Not for everyone, however. Early in the evening, Sen. Joe Lieberman became the third Democrat to bow out of the race. After campaigning in Delaware nearly full-time for the past week, the former vice-presidential nominee managed only a dismal 11 percent showing, forcing him to admit that his "mainstream message" had been pushed to the fringe of his own party.
"The judgment of the voters is now clear," Sen. Lieberman told a crowd gathered in Arlington, Va., where he had hoped to compete in the Feb. 10 primary. "For me, it is now time to make a difficult but realistic decision. I have decided tonight to end my quest for the presidency of the United States of America. Am I disappointed? Naturally. But am I proud of what we stood for in this campaign? You bet I am."
What he stood for were centrist, moderate policies-war in Iraq, middle-class tax cuts, religion in public life-that failed to inspire liberal primary voters. Even as he admitted defeat, Sen. Lieberman seemed to warn that the Democratic Party ignored his message at its own peril.
"I offered a mainstream voice and I still believe that is the right choice and the winning choice for our party and our country," Sen. Lieberman said in his concession speech. "Today, the voters have rendered their verdict and I accept it." He indicated he would set aside his battle for moderation and support the eventual nominee.

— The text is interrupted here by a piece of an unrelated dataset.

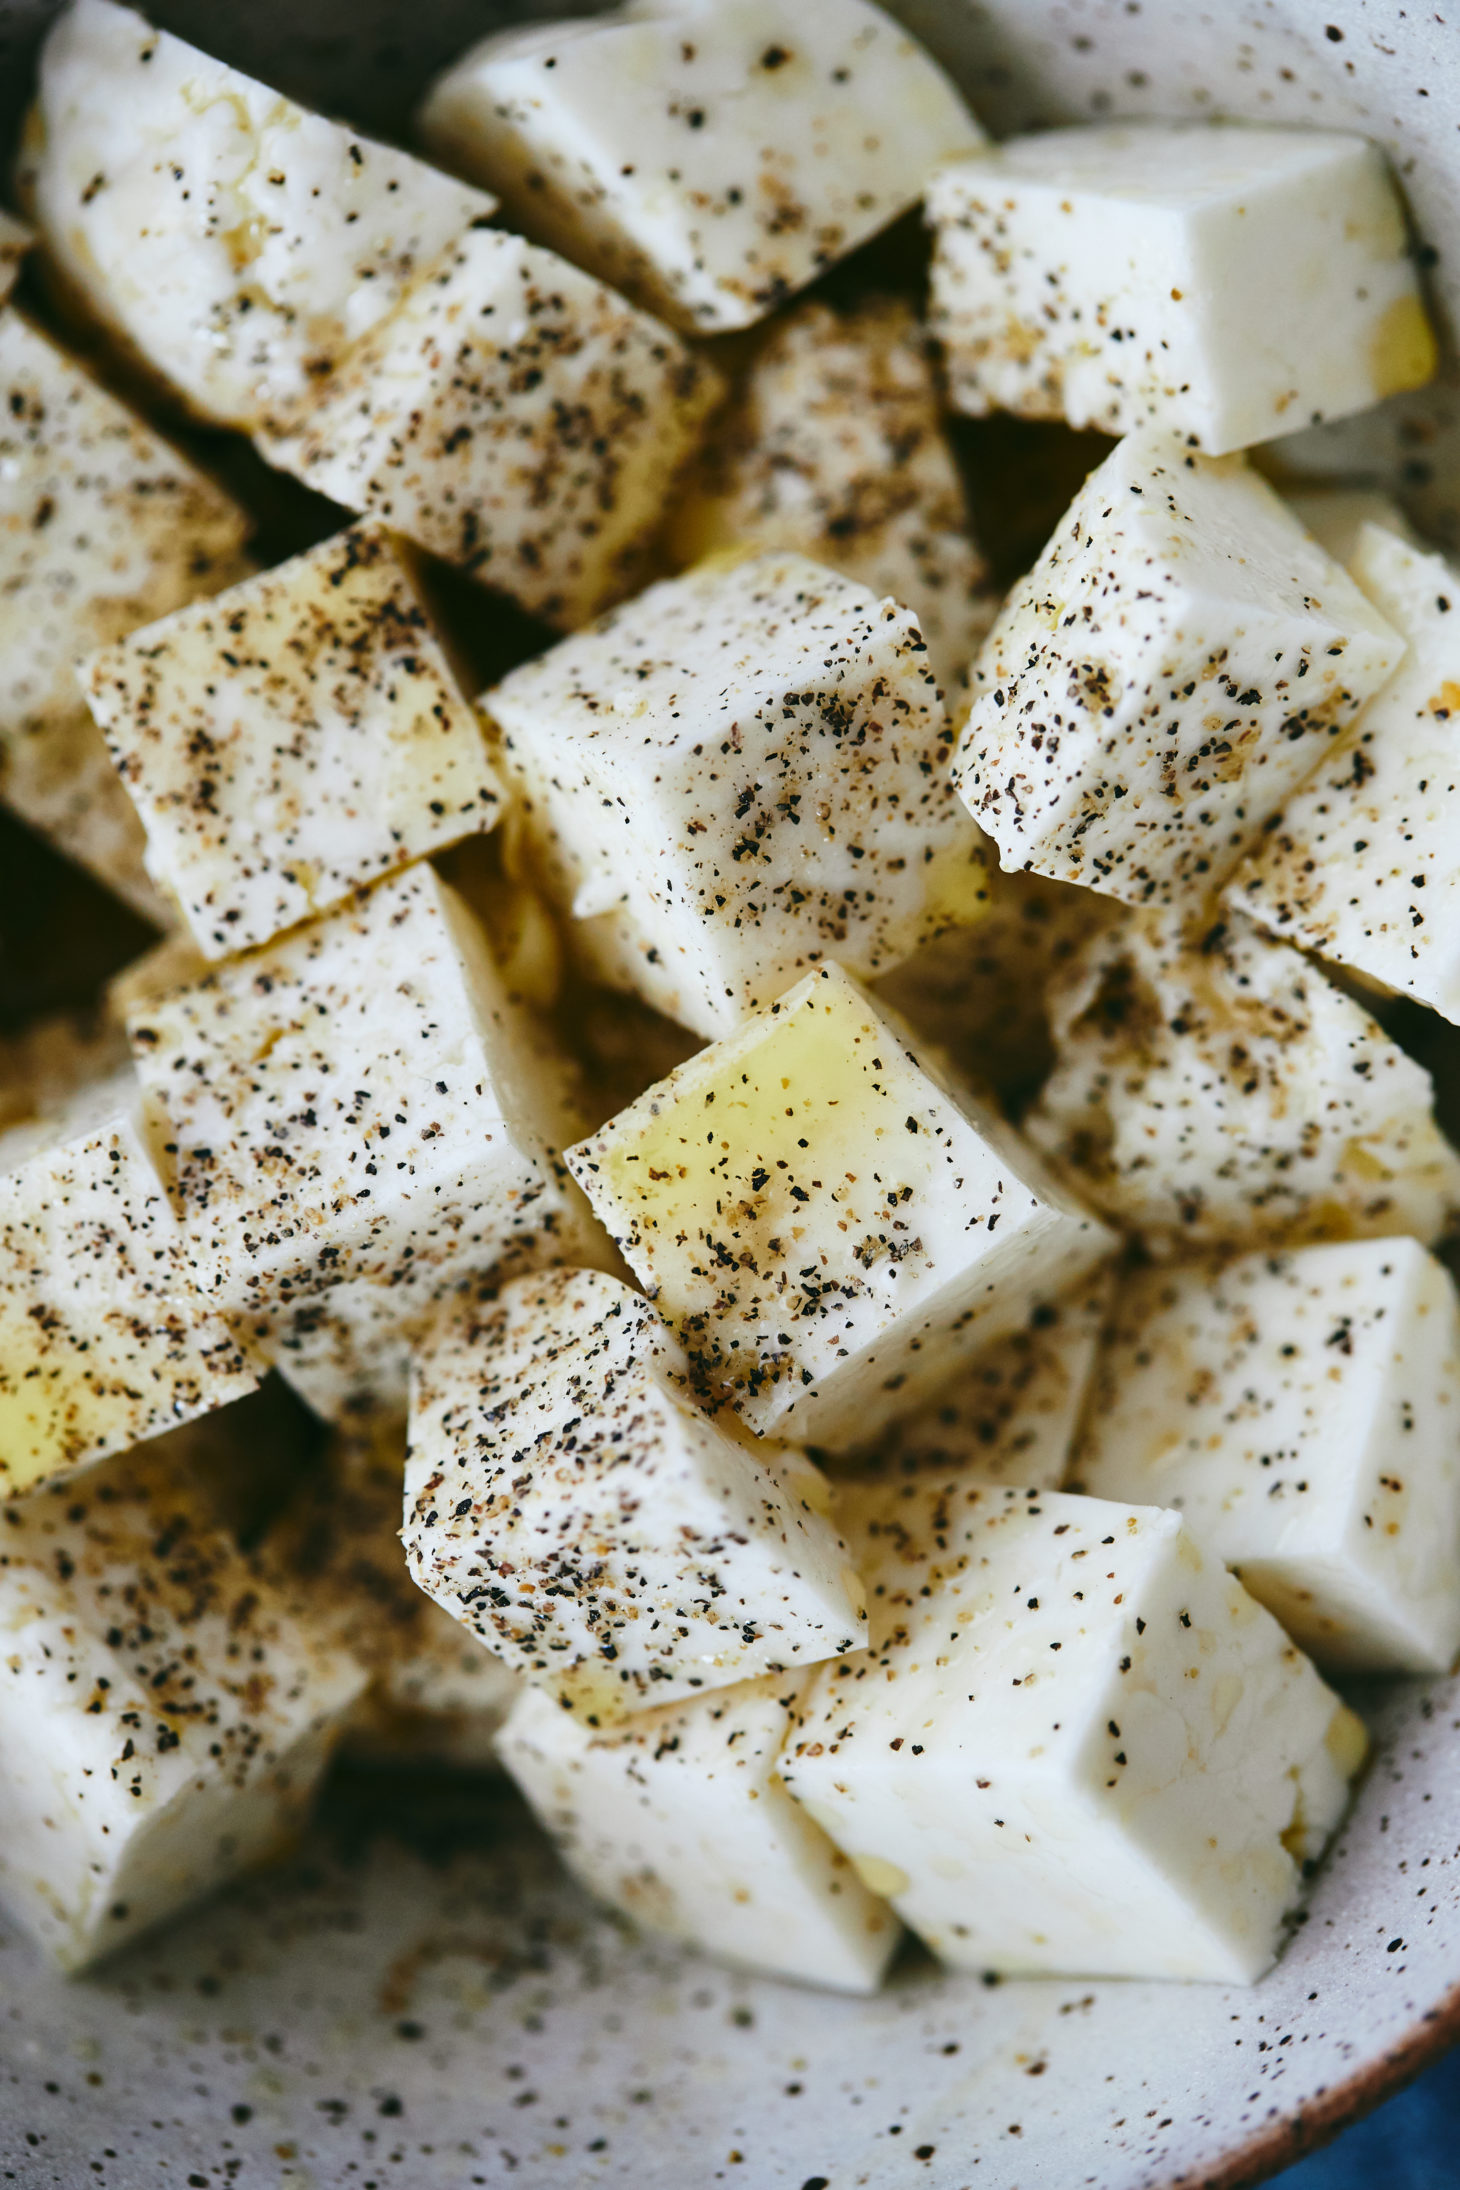 Cubed halloumi with olive oil, salt, and pepper

The verdict was equally harsh for former Vermont Gov. Howard Dean, though he refused to make an equally graceful exit. The erstwhile front-runner finished no better than third anywhere in the country, and in several states he failed even to poll in the double digits. It was a stunning reversal for the Democrat who seemed poised, just weeks earlier, to sweep aside the competition and roll to an easy nomination.
"We're going to keep going and going and going and going and going just like the Energizer Bunny," Dr. Dean promised the faithful at an election-night rally in Washington, where the Feb. 7 party caucuses offered perhaps his last, best hope for a win. "We're going to pick up some delegates tonight and this is all about who gets the most delegates in Boston in July and it's going to be us."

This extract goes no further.